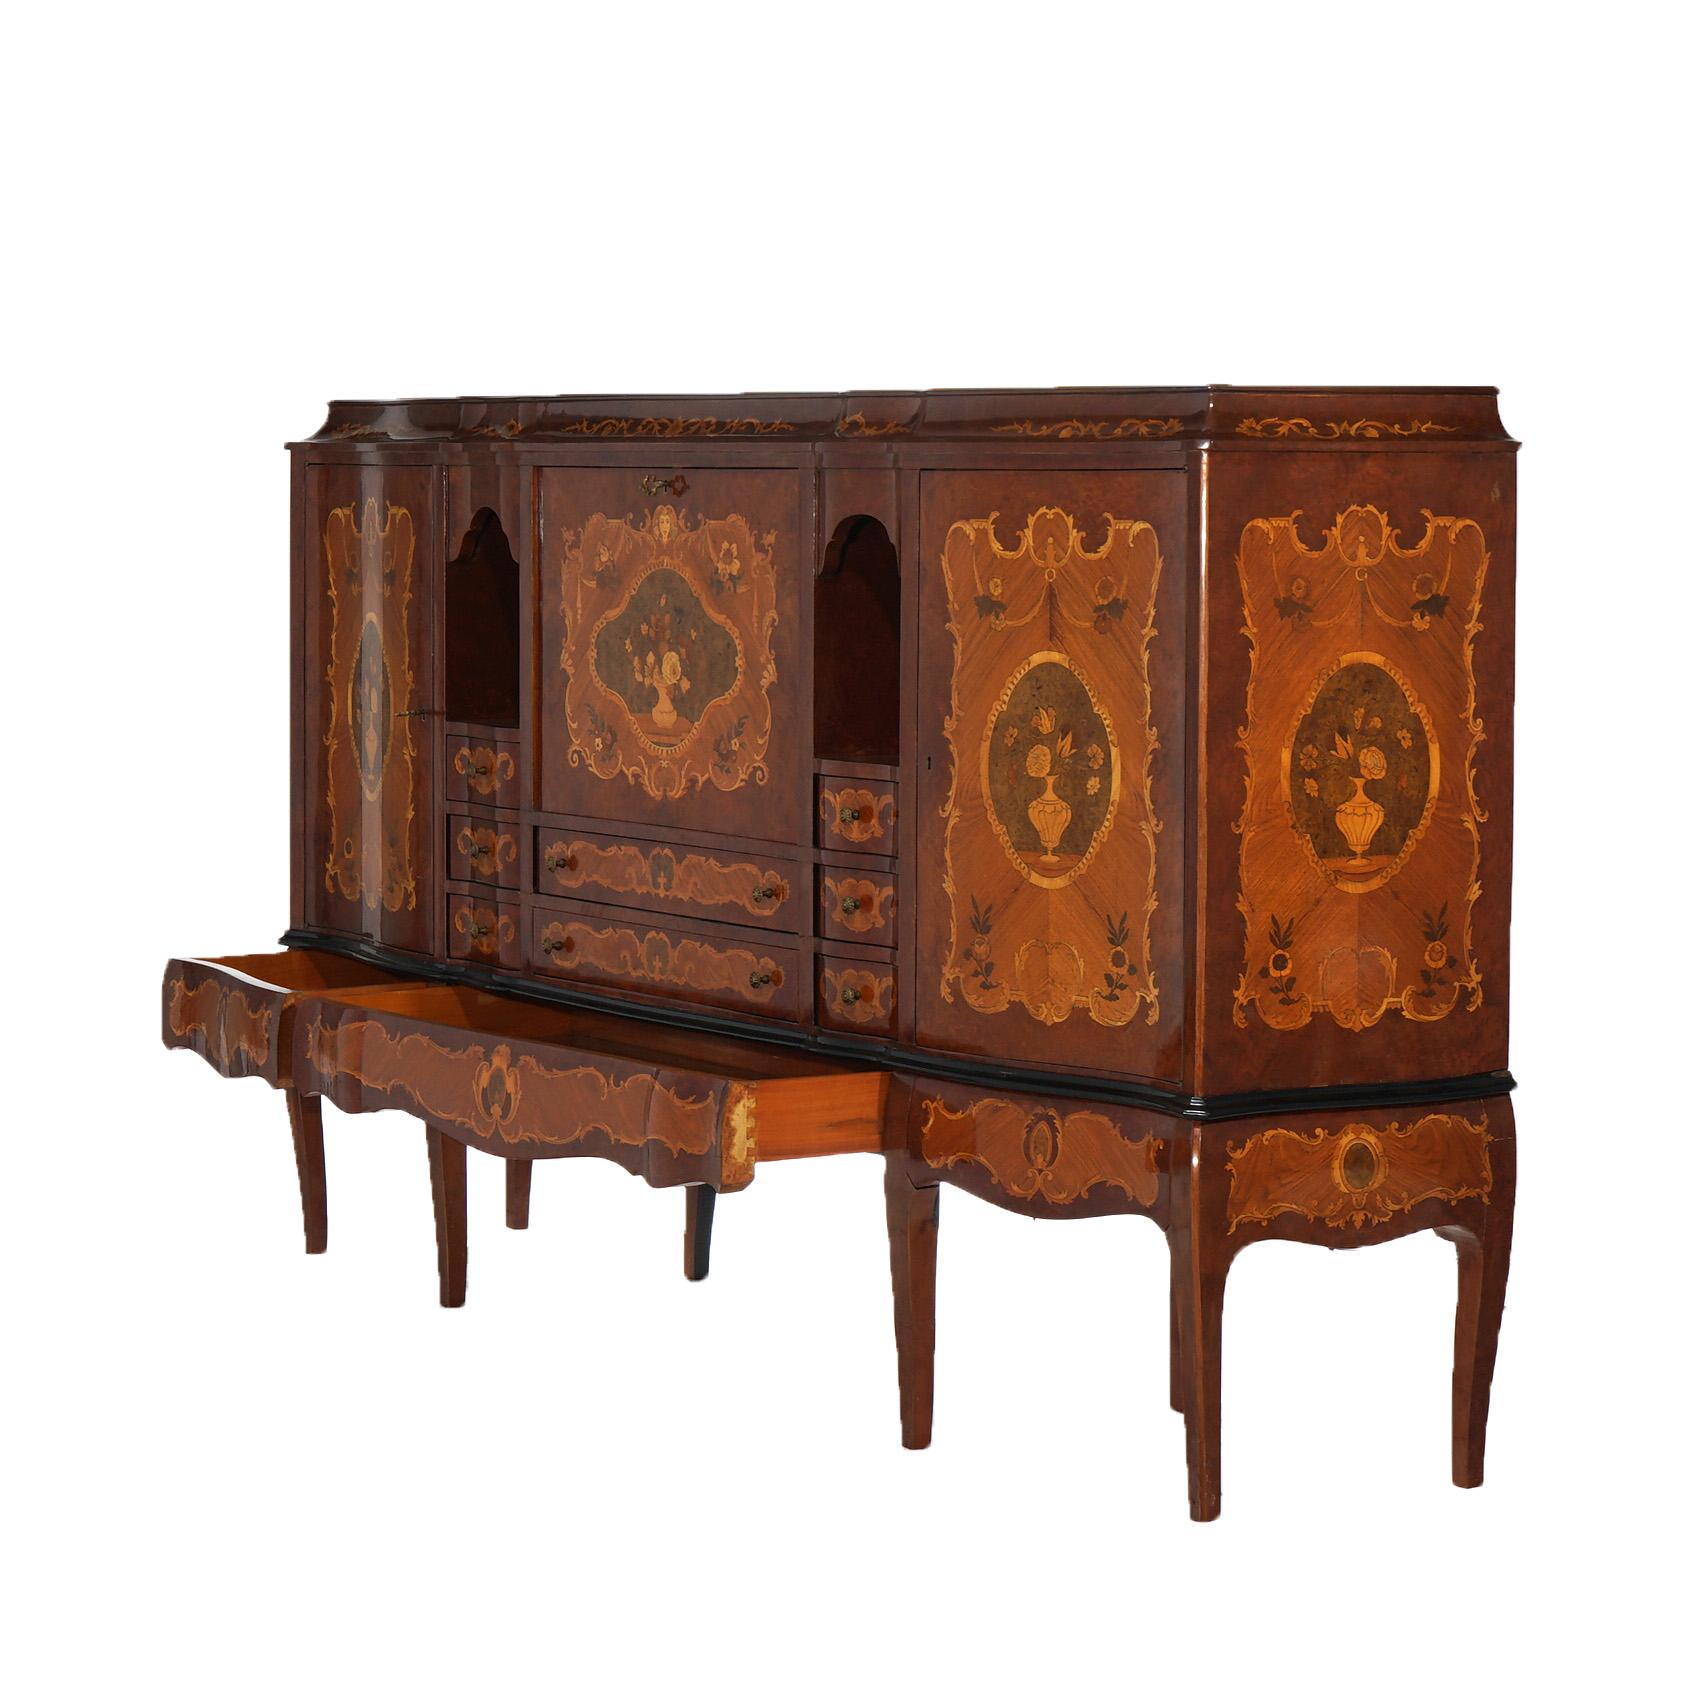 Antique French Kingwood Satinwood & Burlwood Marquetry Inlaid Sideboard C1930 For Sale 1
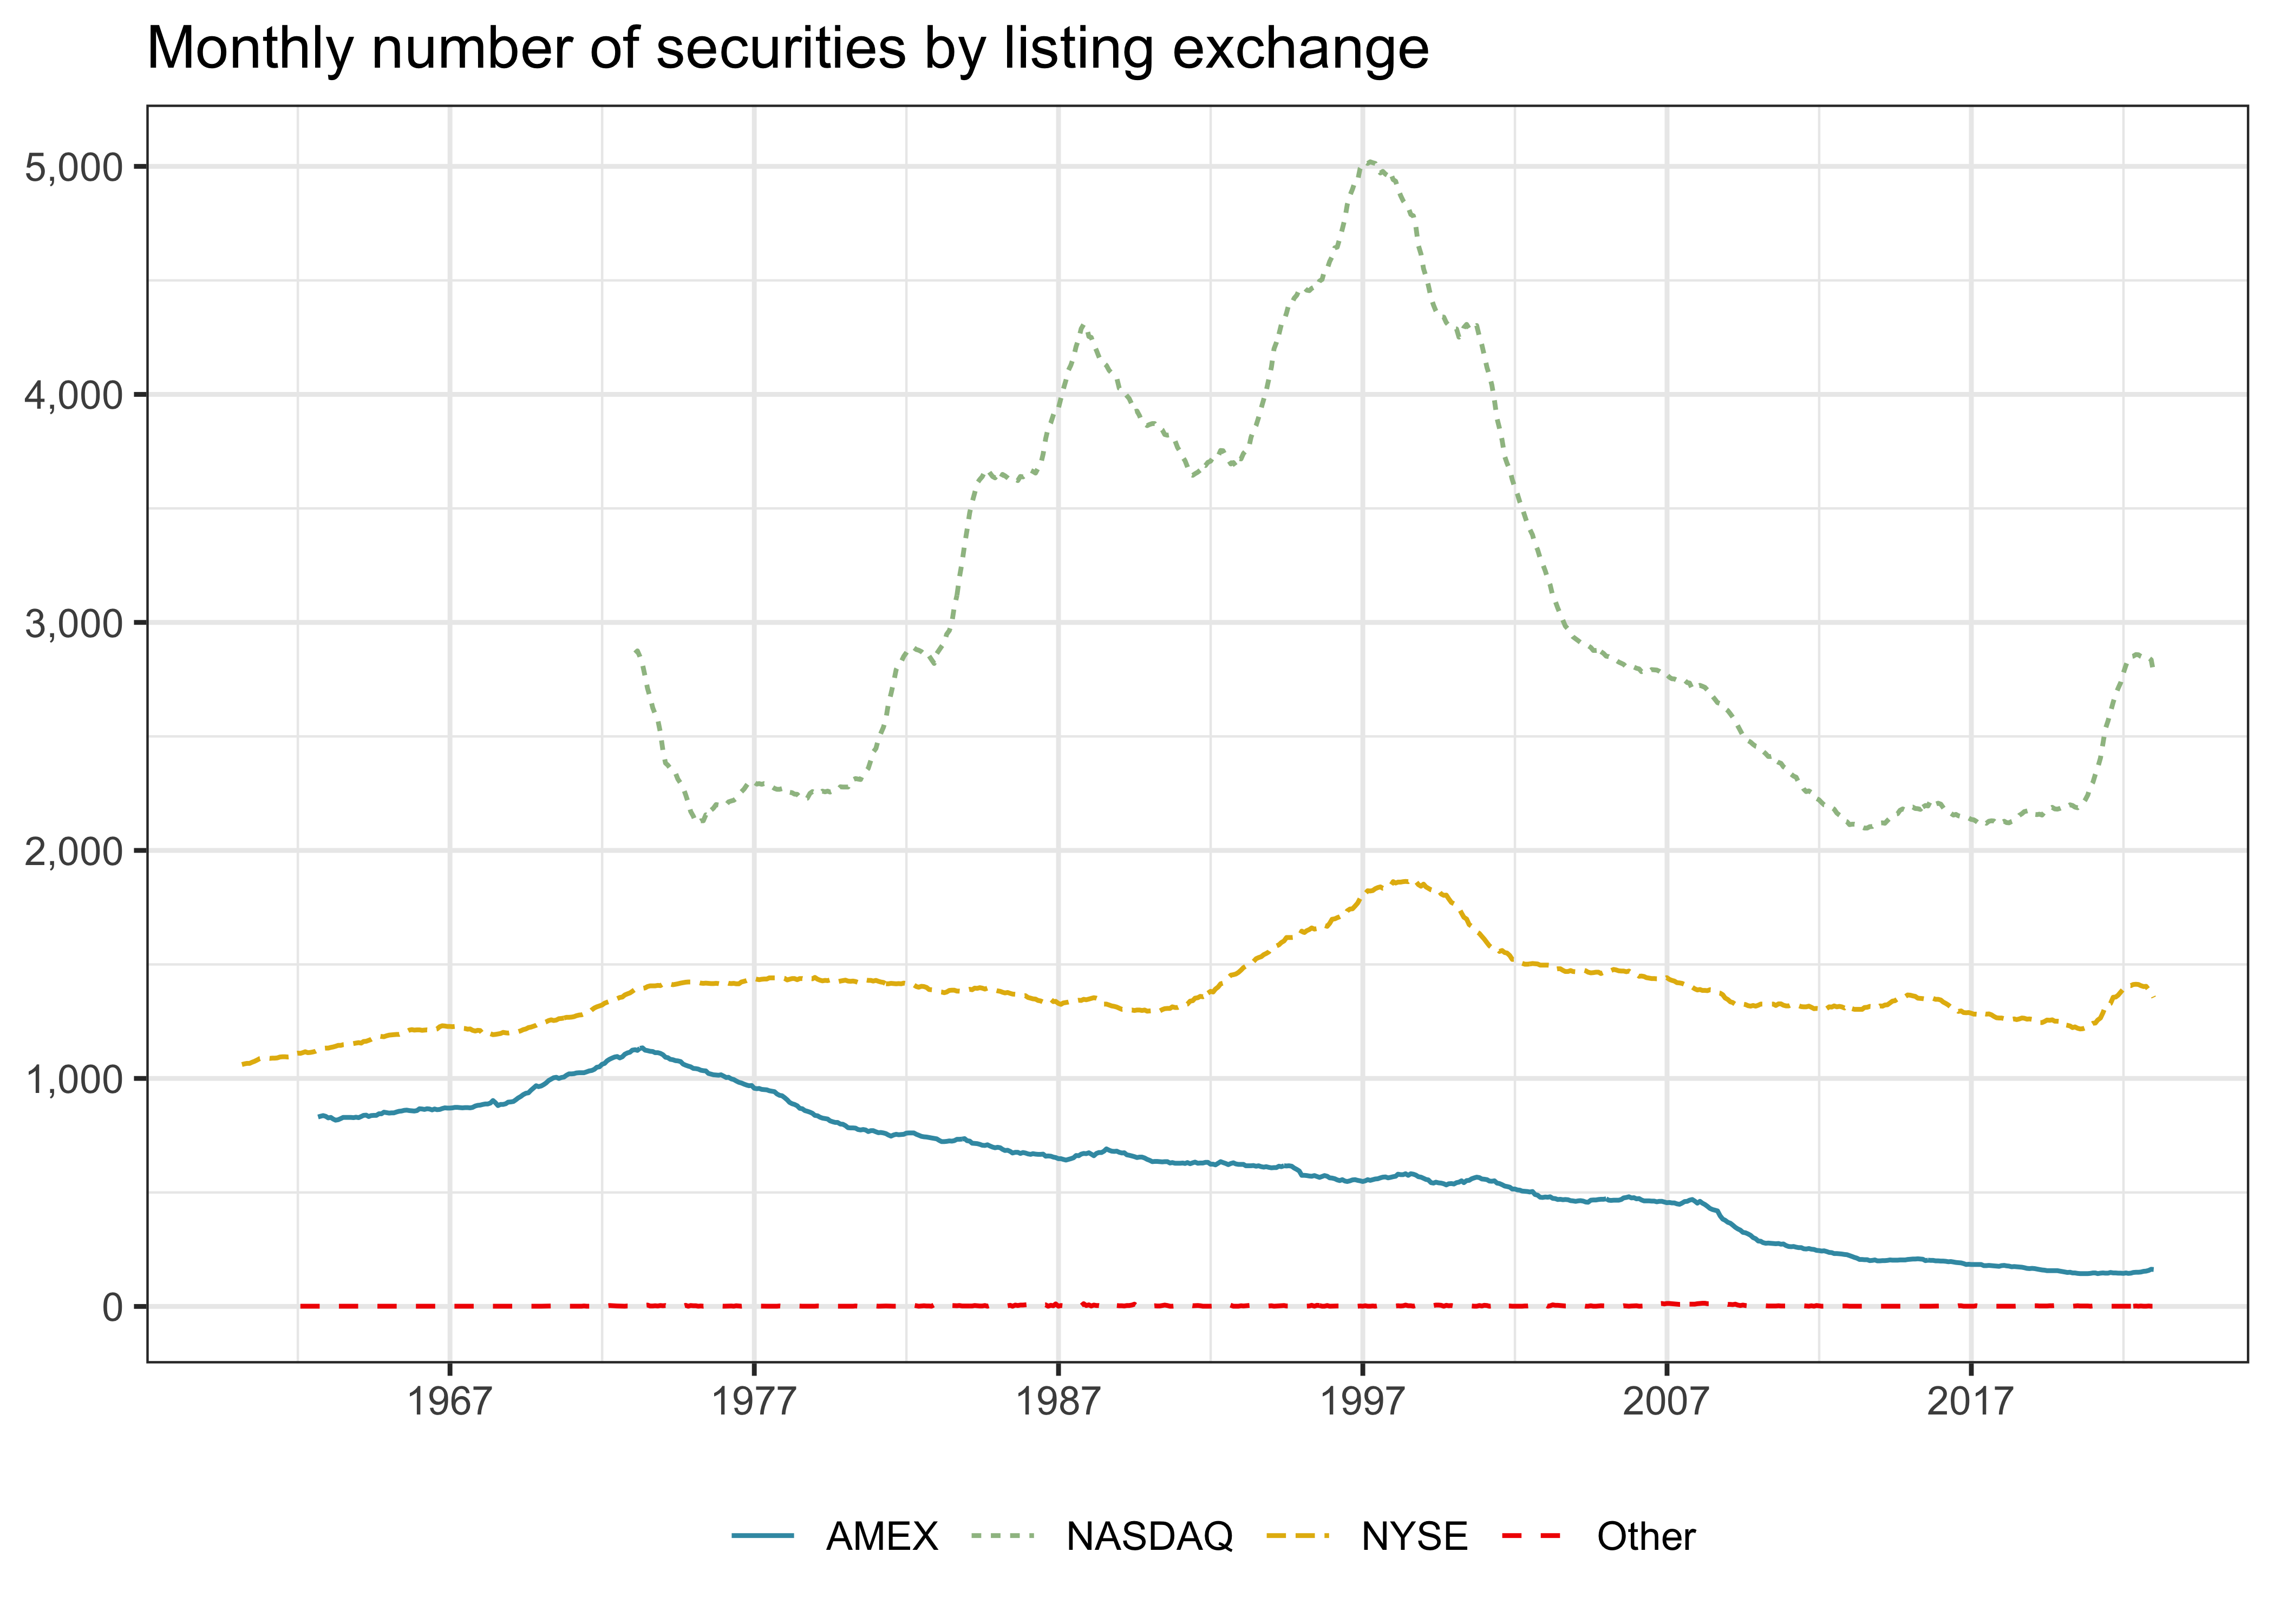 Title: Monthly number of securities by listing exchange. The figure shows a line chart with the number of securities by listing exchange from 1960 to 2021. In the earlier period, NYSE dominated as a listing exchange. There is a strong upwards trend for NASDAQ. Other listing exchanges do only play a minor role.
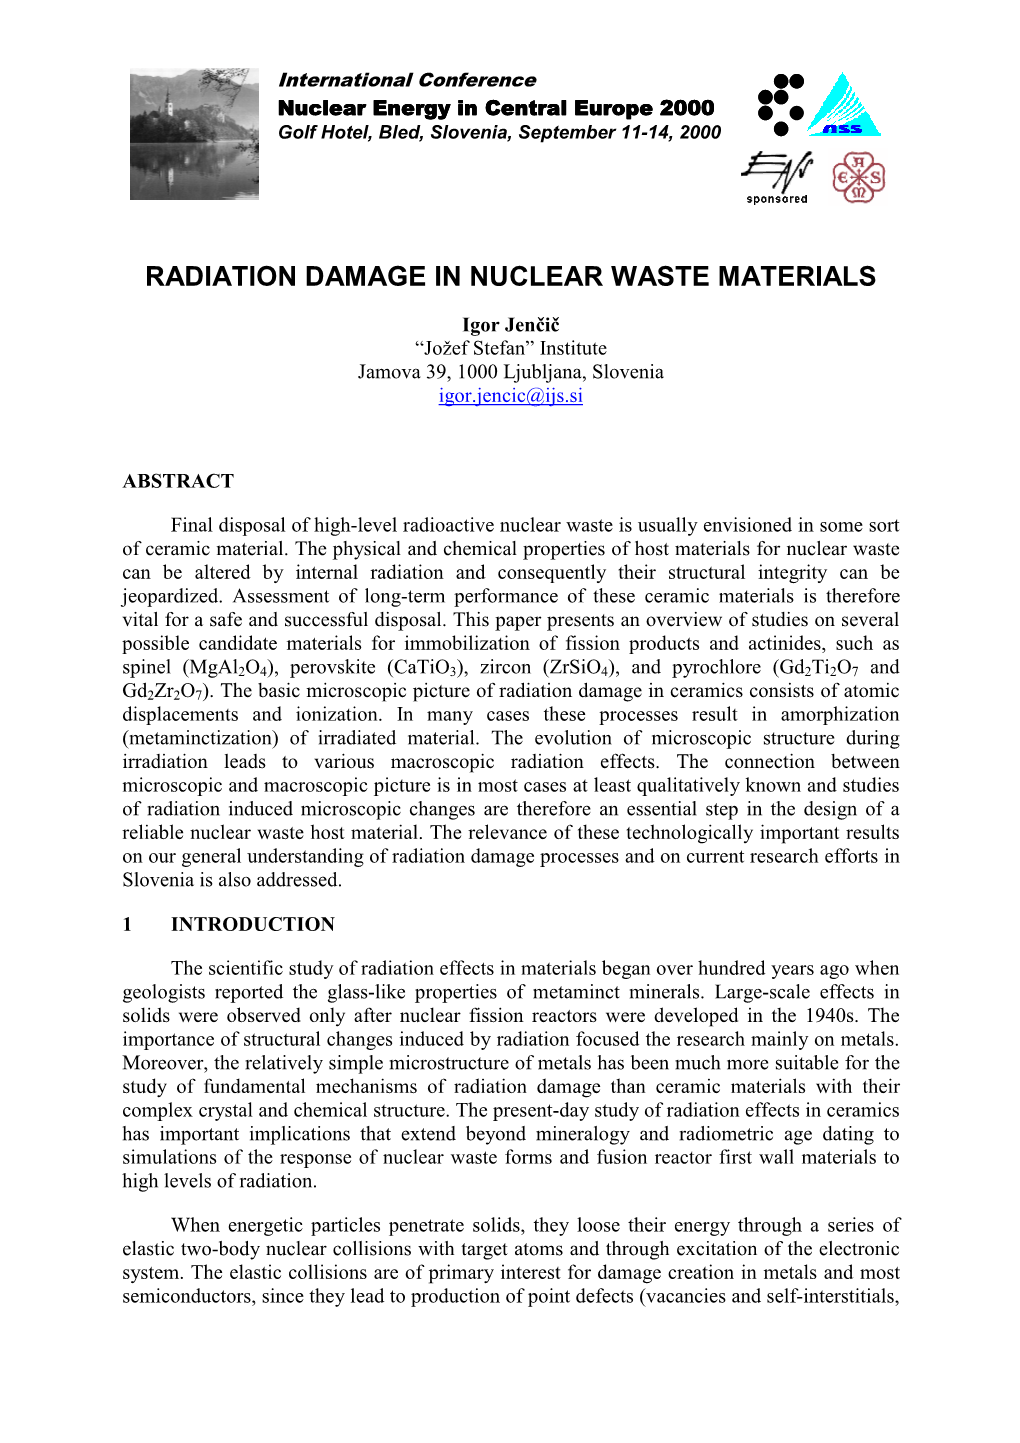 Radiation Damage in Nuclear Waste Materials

============

Give back exactly the lines from the first line of the data through the line with "Title: Monthly number", pictures excluded.

 Antique French Kingwood Satinwood & Burlwood Marquetry Inlaid Sideboard C1930 For Sale 1
 Title: Monthly number of securities by listing exchange. The figure shows a line chart with the number of securities by listing exchange from 1960 to 2021. In the earlier period, NYSE dominated as a listing exchange. There is a strong upwards trend for NASDAQ. Other listing exchanges do only play a minor role.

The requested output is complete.